→ TO DO
Give the listing again character for character, but drop the images.

→ DATASET SECTION
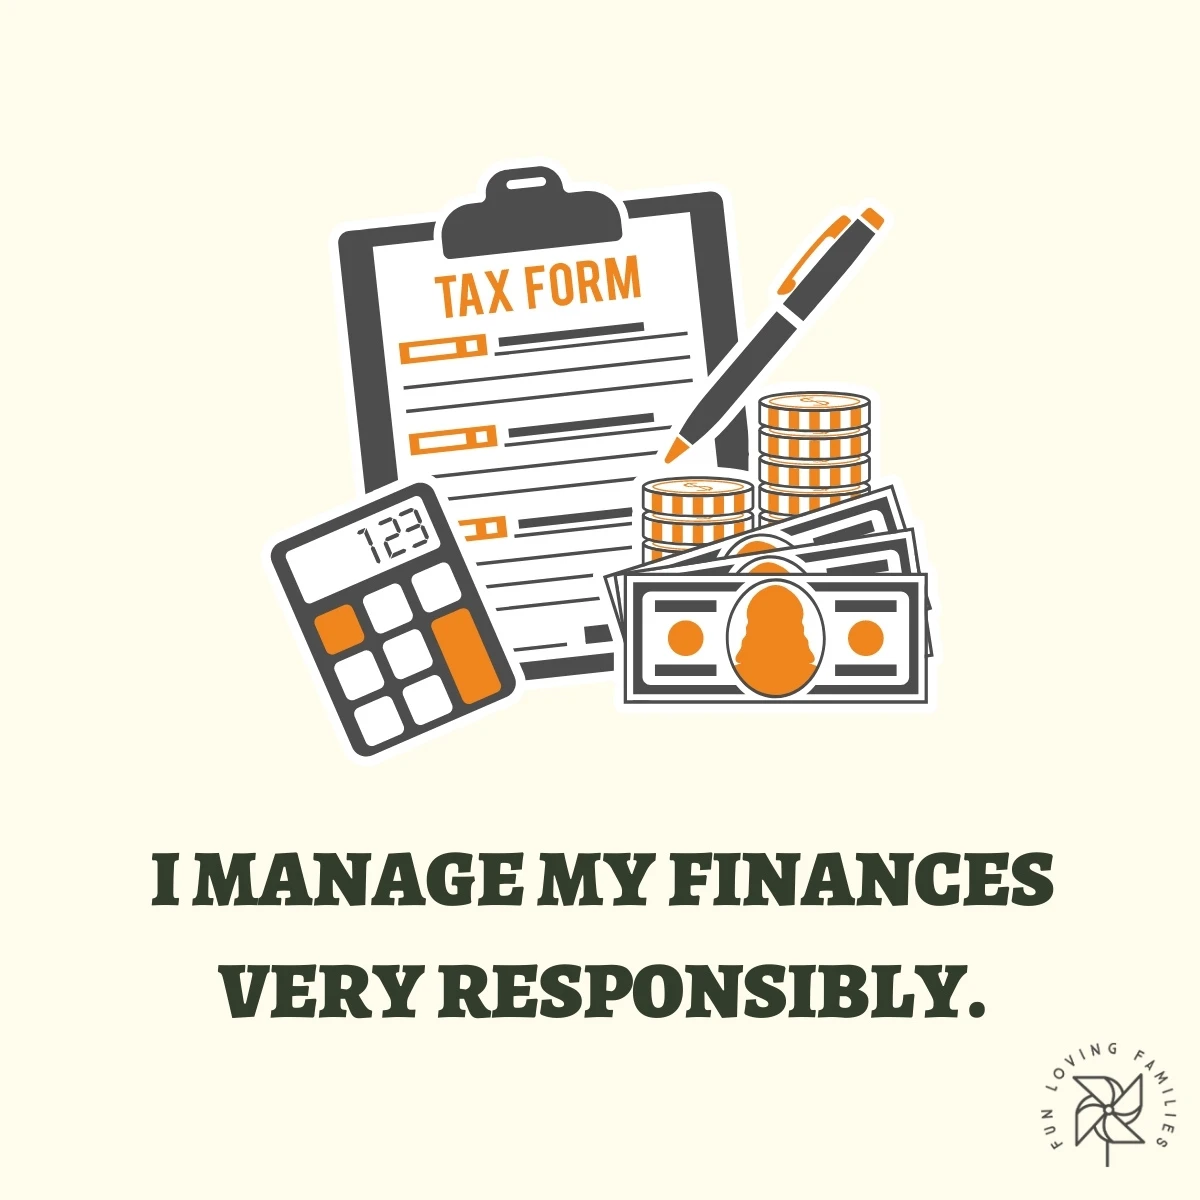 I manage my finances very responsibly affirmation
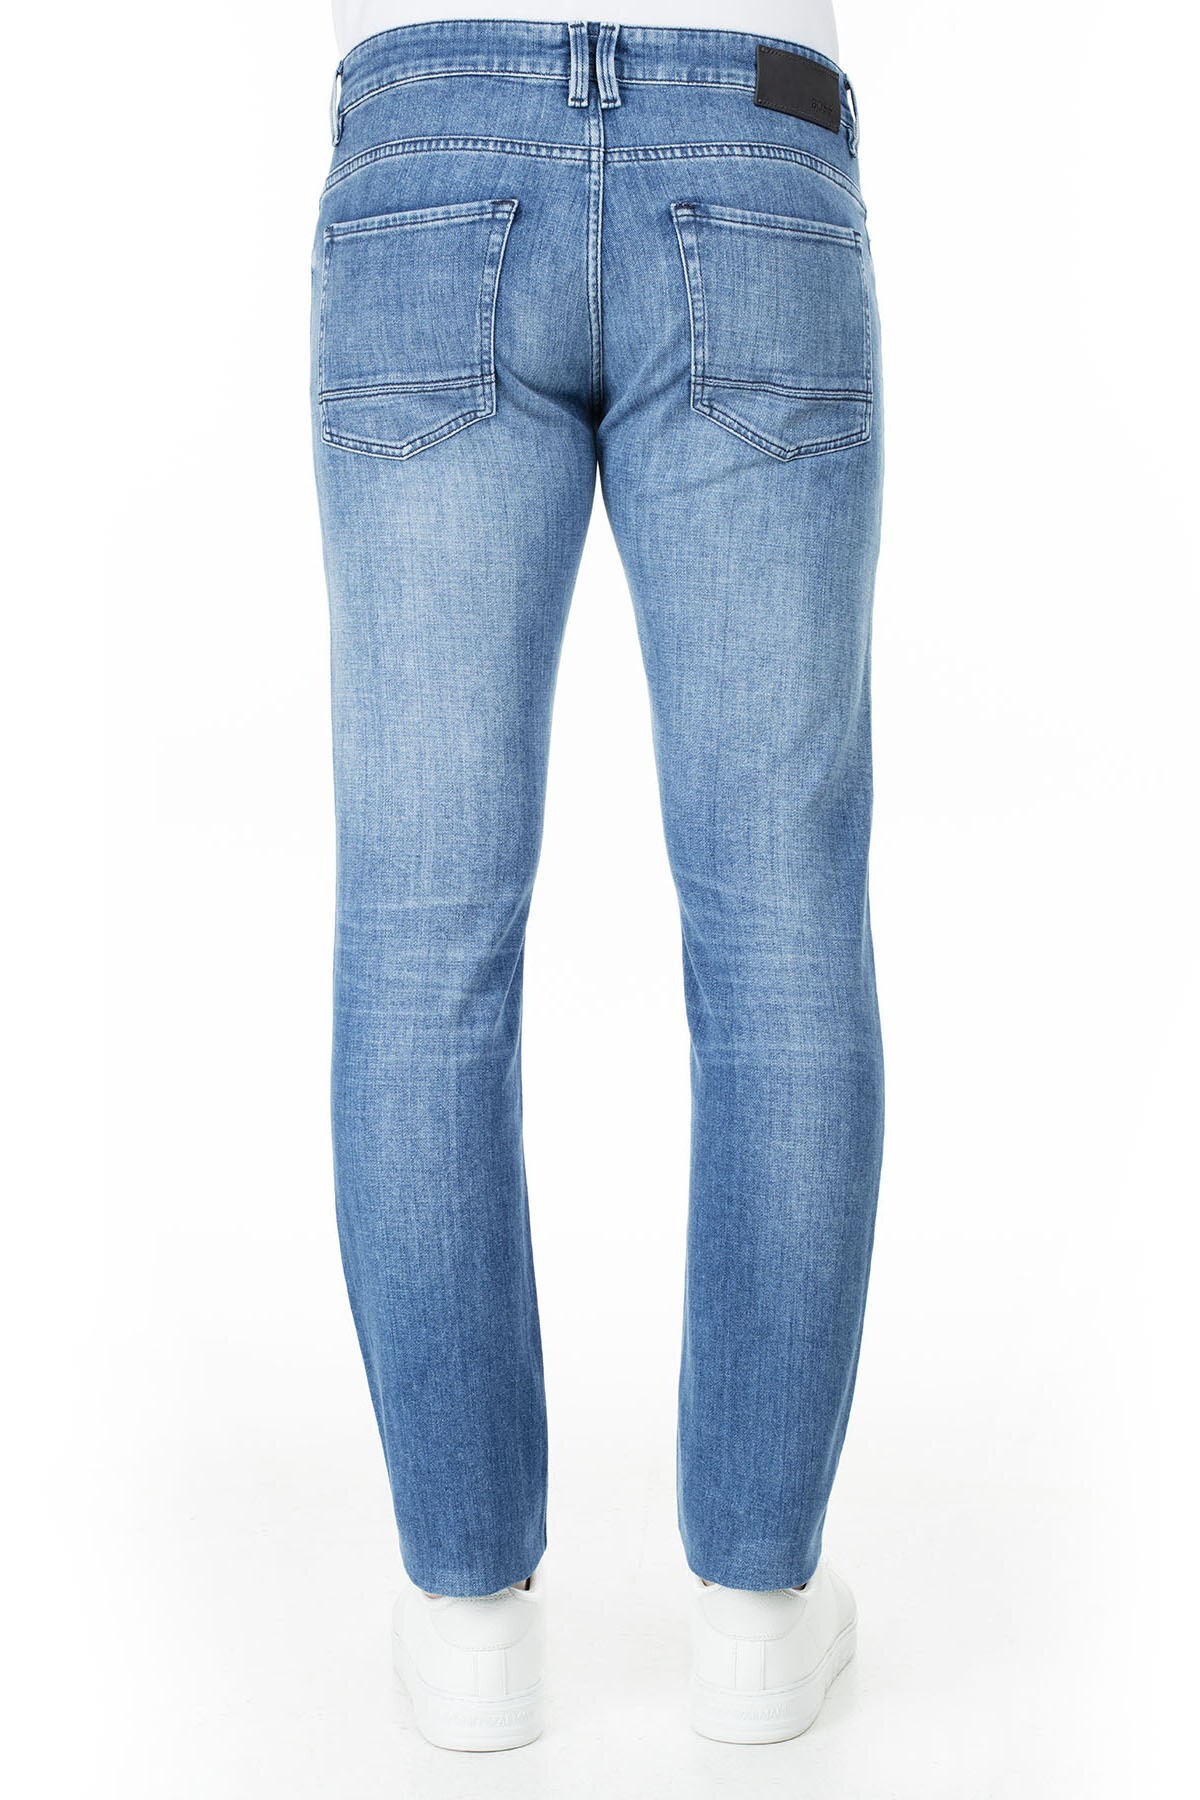 Hugo Boss Slim Fit Jeans Erkek Kot Pantolon 50426456 440 MAVİ
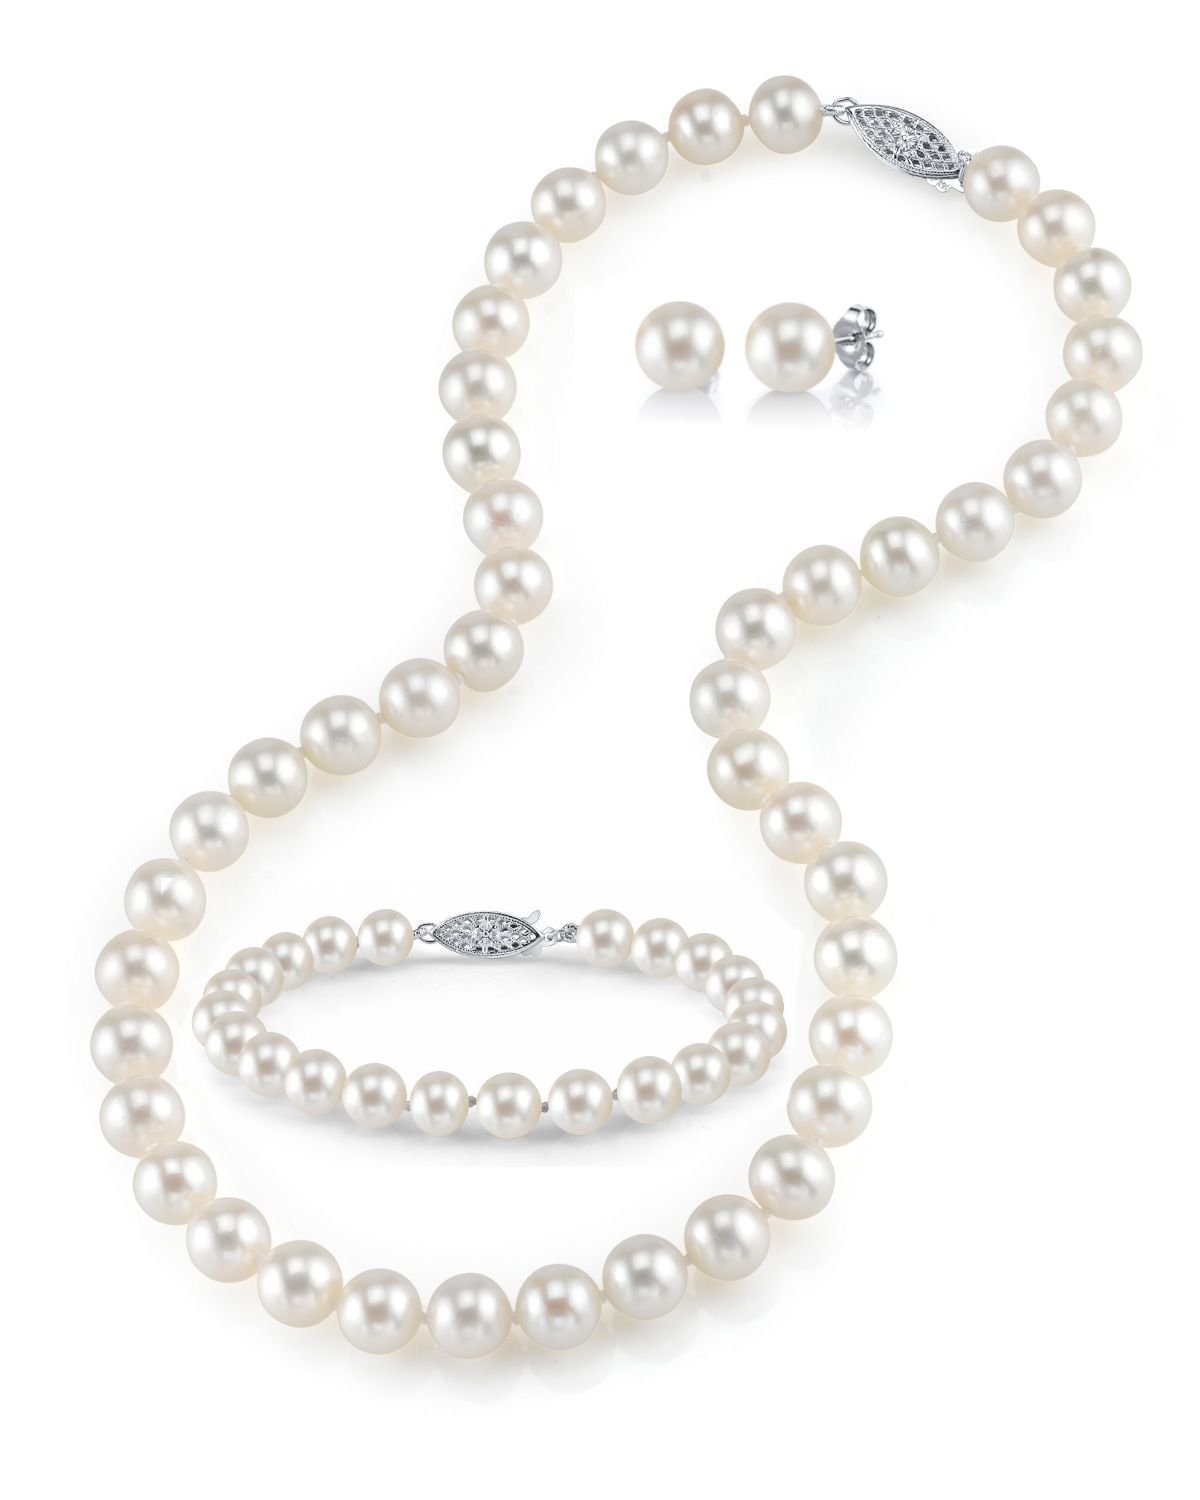 COMPETE99% Original Pearl Necklace-

→ SOLUTION TO THE EXERCISE
 I manage my finances very responsibly affirmation
 Hugo Boss Slim Fit Jeans Erkek Kot Pantolon 50426456 440 MAVİ
 COMPETE99% Original Pearl Necklace-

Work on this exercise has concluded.